Atlantic Steam Navigation Co Ltd
- House flag
- Industry: Transportation
- Founded: 1934
- Founder: Frank Bustard
- Defunct: 1971
- Successor: European Ferries
- Number of locations: Tilbury, Preston & Lowestoft
- Area served: North Sea & Irish Sea
- Services: Roll-on Roll-off ferries

= Atlantic Steam Navigation Company =

The Atlantic Steam Navigation Company was founded in 1934 with the original object of providing a no-frills transatlantic passenger service. A combination of difficult economic conditions and then World War II frustrated these early ambitions.

In 1946 the opportunity was taken to lease war-surplus LSTs from the Admiralty and start the world's first roll-on roll-off ferry service. Starting with military charters returning materiel from Europe to England the company progressed to providing commercial services across the Irish Sea and then across the North Sea. In 1971 the company was acquired by European Ferries.

==History==

===Genesis of the company===
The company was founded in 1934 by Frank Bustard, the Passenger Traffic Manager for the White Star Line when the latter was merged with the Cunard Line the same year. The original idea was to set up a low cost line providing cheap passages between Europe and the United States. He first attempted to purchase a number of surplus vessels from the Red Star Line but was unsuccessful.

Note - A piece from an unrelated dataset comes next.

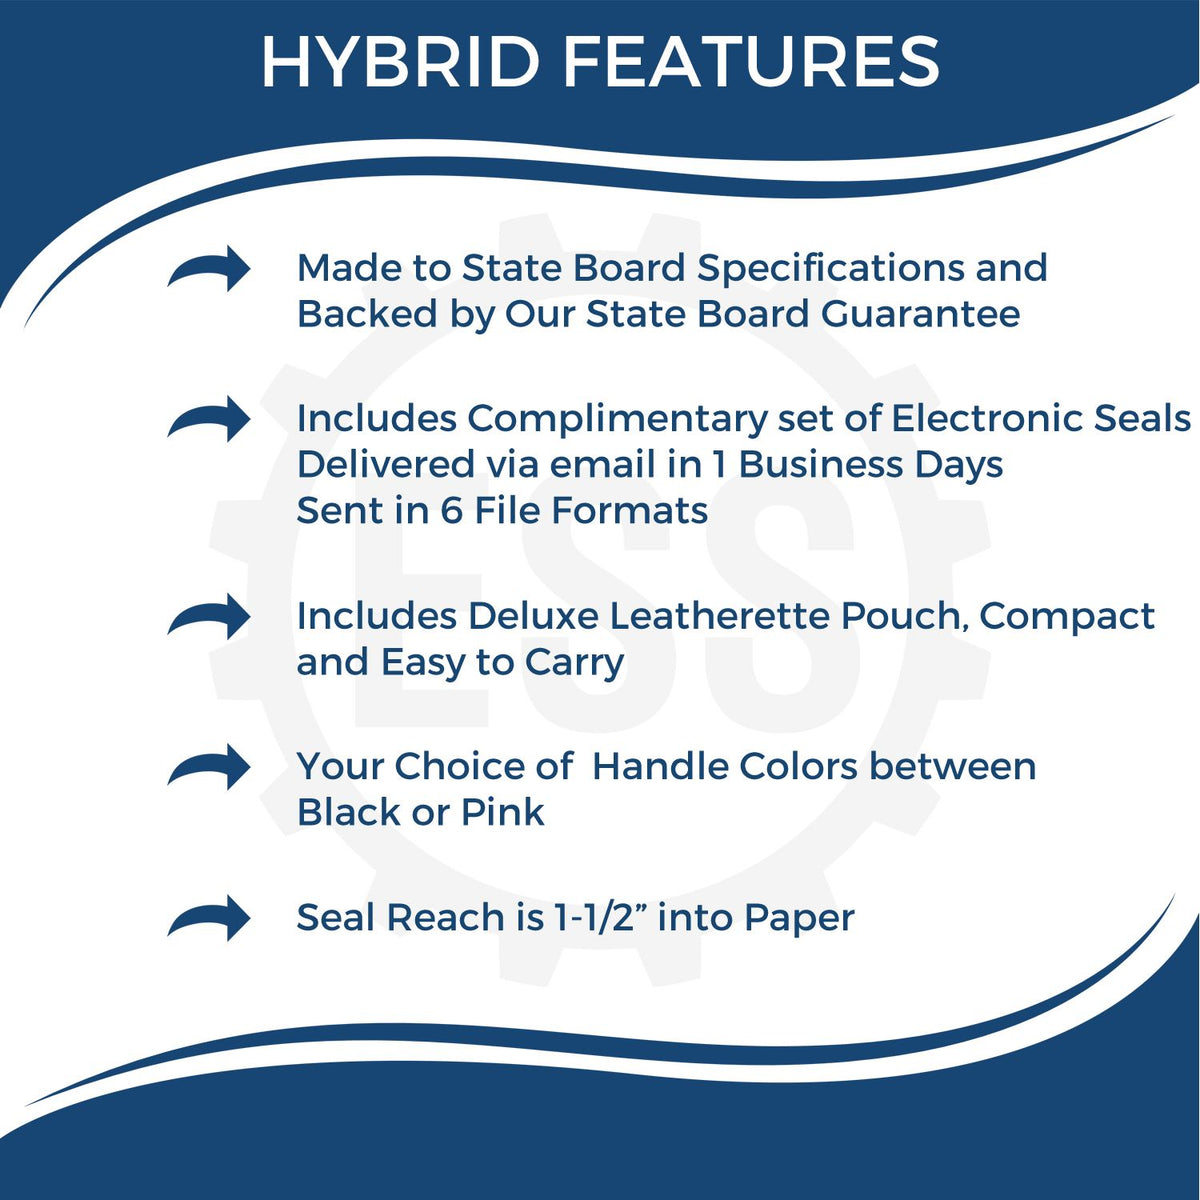 A picture of an infographic highlighting the selling points for the Hybrid Ohio Landscape Architect Seal
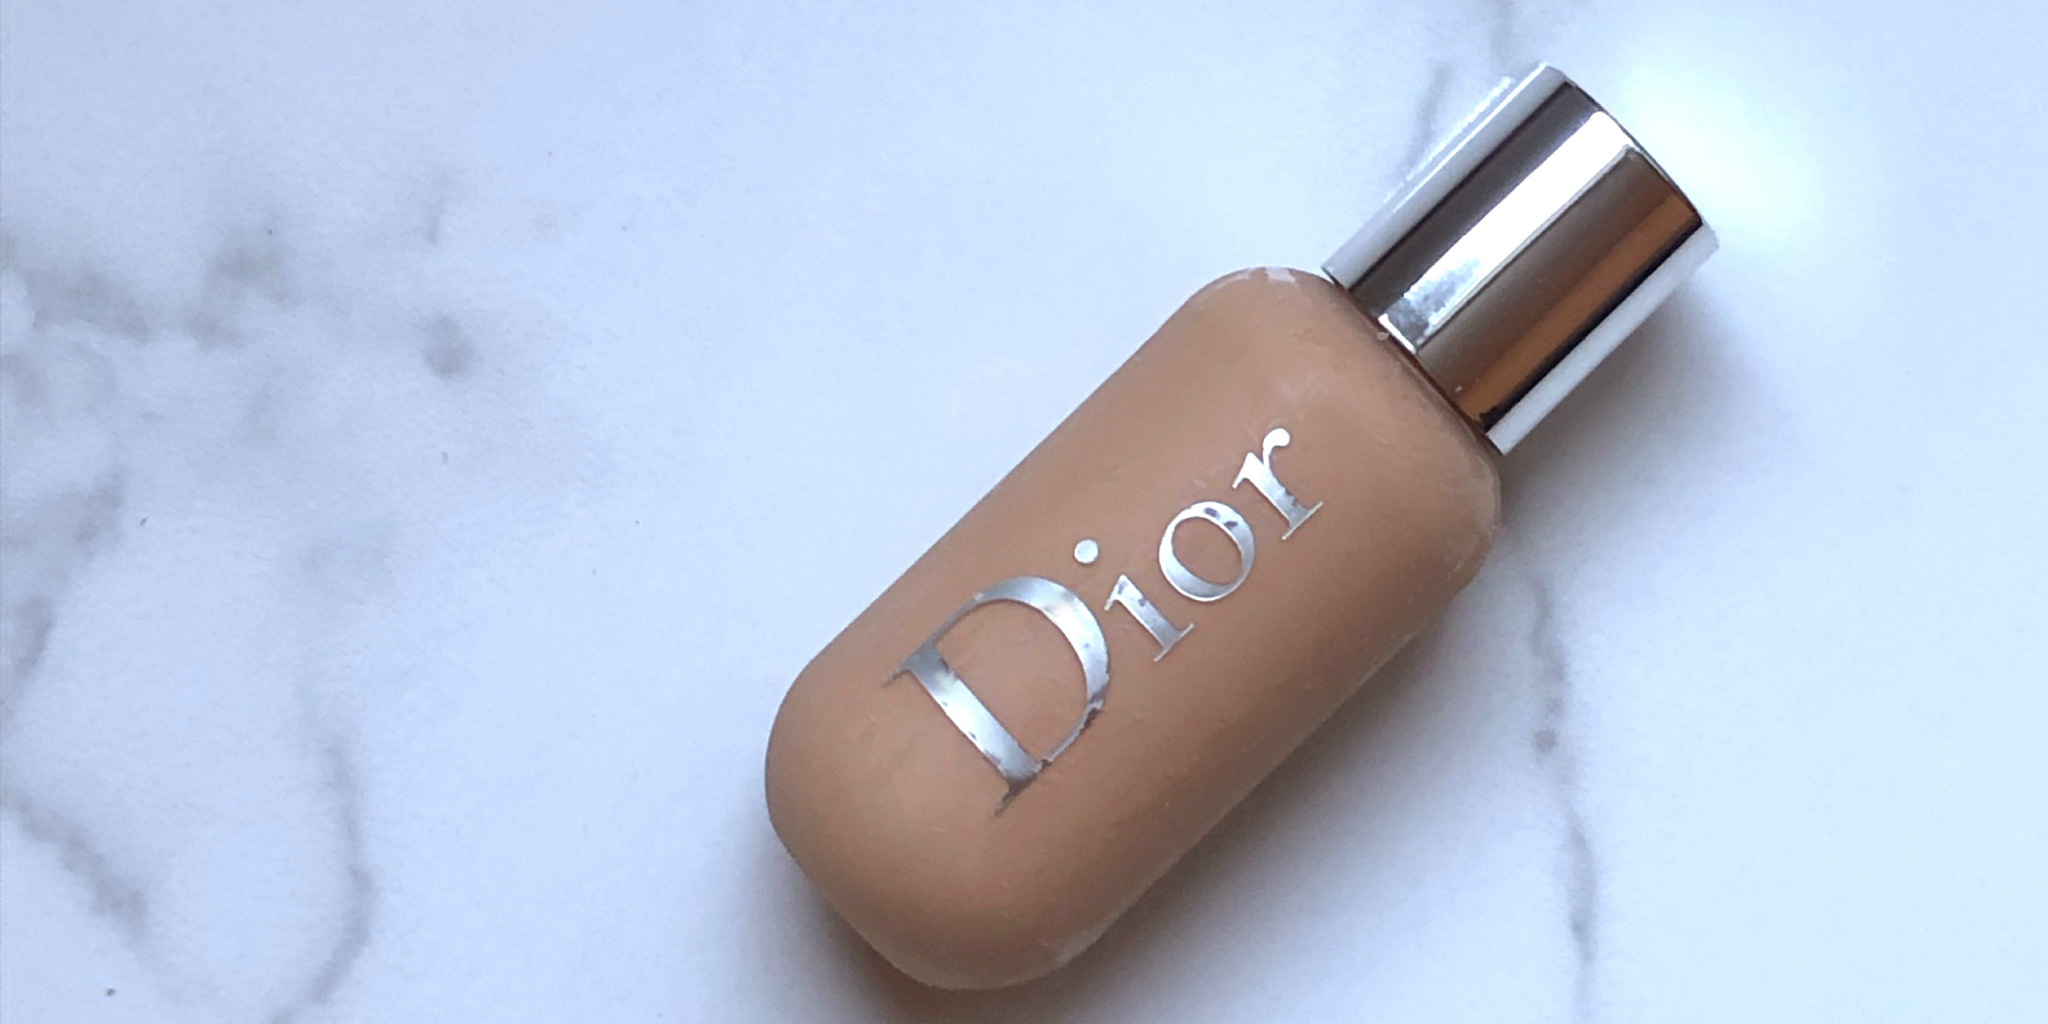 dior face and body foundation makeupalley

He then approached Vickers Armstrong with designs for two new ships. However the government of the day was not keen on a new company operating on the North Atlantic in competition with Cunard White Star and Bustard was not able to raise a loan from the Bank of England to finance construction. The onset of World War II saw Bustard called up to the Army Reserve and his plans went into abeyance. During the war he was present at trials of landing craft loading and unloading vehicles on the sands of New Brighton.

===Post World War II===
After demobilisation, Bustard tried again to implement his transatlantic plans but there were no suitable ships available and no chance of raising finance for a new build. Instead he turned his thoughts to the use of surplus LSTs as vehicle ferries on the short sea routes across the North Sea. After lengthy negotiations with the Admiralty he succeeded in chartering 3 LSTs, 3519, 3534 and 3512. The ships needed modifications to engines, boilers and navigational aids as well as improved accommodation. The maiden voyage of ASN took place on 11 September 1946 when LST3519, now renamed Empire Baltic, sailed from Tilbury with 64 new vehicles for the Dutch Army for delivery in Rotterdam. The company continued to ferry thousands of military vehicles across the North Sea via Hamburg. In 1955 the terminal was transferred from Hamburg to Antwerp.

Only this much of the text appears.